The application of significance level of 5 × 10− 6 is strategically implemented to enhance the downstream analysis by including a greater number of variations to increase the statistical power. To ensures the robusrt foundation for the subsequent analysis and strengthens the overall effectiveness of the study. Additionally, variants with a minor allele frequency greater than 1% and a p-value threshold of less than 5 × 10− 6 were screened (Fig. 1). The selected variations were also evaluated by comparing minor allele frequencies across diverse databases (Supplementary Table 6). The consistent pattern in allele frequencies supports the effectiveness of applied selection criteria.

Moreover, comparison of variations below the GWAS threshold p-value 5 × 10− 8 (four variation remained) was determined and Fst was calculated. Fst results obtained aligned with our prior results (Supplementary Fig. 2), highlighting the robustness of the selection criteria.

To understand this genetic heterogeneity, we calculated the Fst [33] to measure the population differences between different global populations using the selected variations and to have insights into the evolutionary processes that influence the structure of genetic variation within and among studied populations. The results were in coherence with the previous studies on different phenotypes [30, 31]. The cluster formed by South Asian populations is entirely different than European, East Asians and Admixed Americans, signifying the difference in South Asian population groups could be an outcome of ancient admixture, or differences in effect allele frequencies among the studied population could be an outcome of a founder effect, or distribution of variants is the combined effect of both admixture and founder effects [34]. We performed functional annotation of variants and identified rs9311745 as having a relatively high CADD_PHRED score of 7.91 (Supplementary Table 3).

The results of the present study emphasise a dire need to conduct the genome-wide association of DC in Indians or South Asians. Additionally, it is pertinent to validate the established variations of DC in South Asians and other population groups. Apart from SAS, the present study observed the genetic distinction between PEL than other AA population groups and CHB than other EAS. The results from the present study highlight that the genetics of DC goes beyond simplistic categories like “Western” or “Eastern” populations. It highlights the need for detailed analysis of allele frequencies and DC genomic patterns in specific groups, such as SAS, AA, and EAS indigenous populations, instead of relying on broad and inaccurate racial stereotypes. While the present study provides insights into the genetic landscape of DC as one trait, we recognise certain areas that warrant future research and acknowledge inherent limitations.
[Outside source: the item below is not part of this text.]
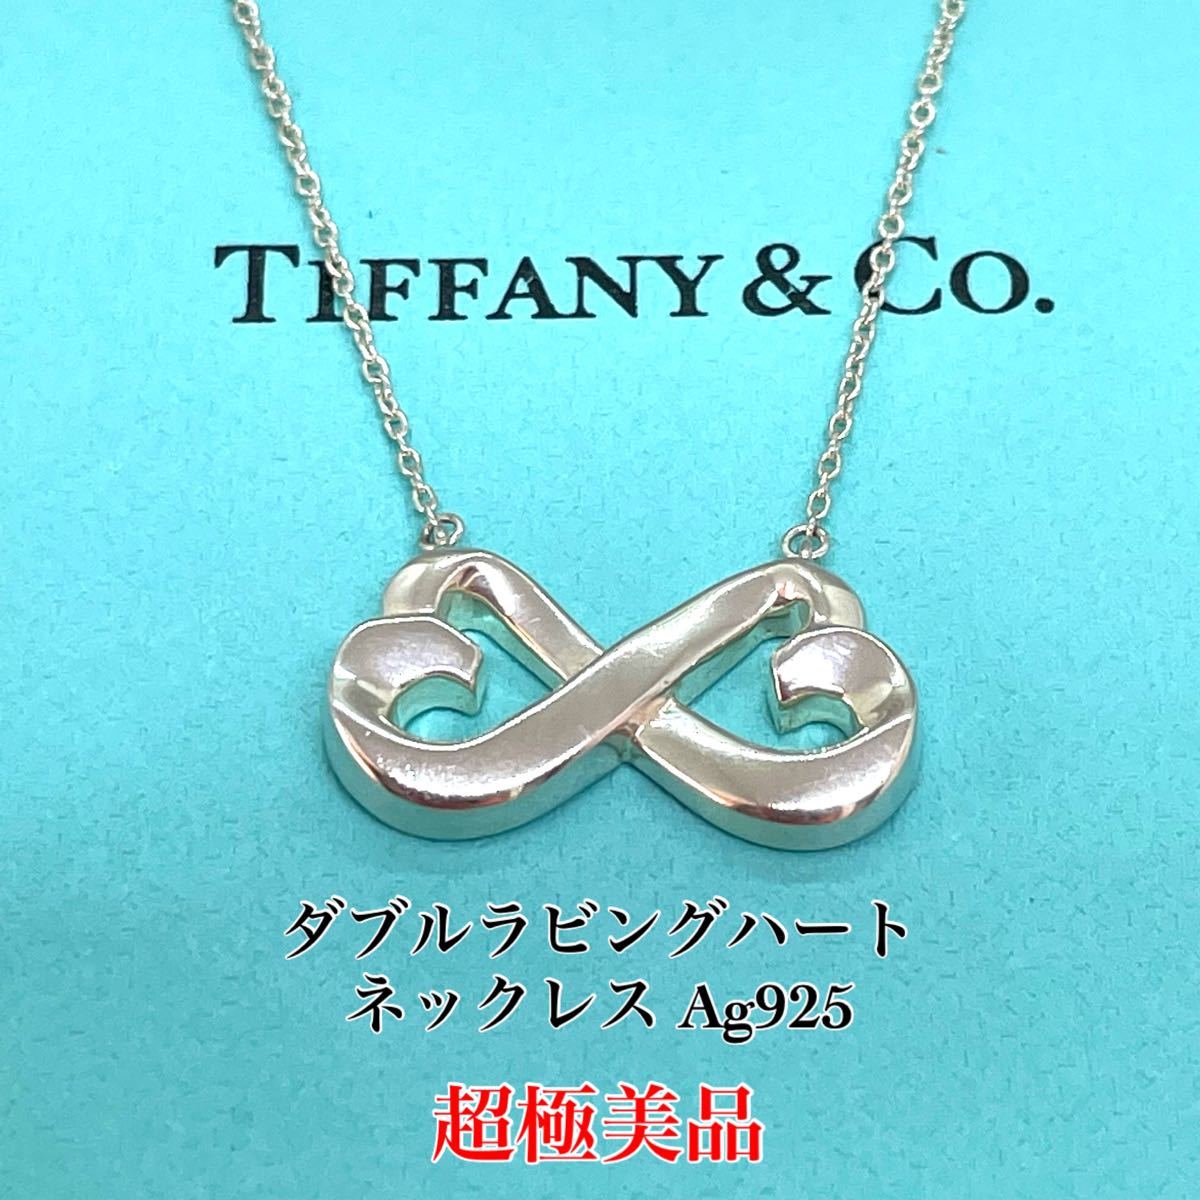 おすすめの人気 TIFFANY&Co. 極美品 Ag925 ネックレス インフィニティ ネックレス

Future investigations could benefit from more targeted and refined sub-phenotyping to better delineate genetic associations specific to primary and permanent dentition and its age-specific influences on DC.

Further, clinicians DC can benefit significantly from an awareness of genetic contributions to DC as a foundation for host susceptibility. They may be able to explain to patients that certain types of caries are more strongly connected with genetic risk, explaining to the patient and the dental practitioner why identical behavioural risks, like individuals with the same eating habits, etc., have varying caries risk.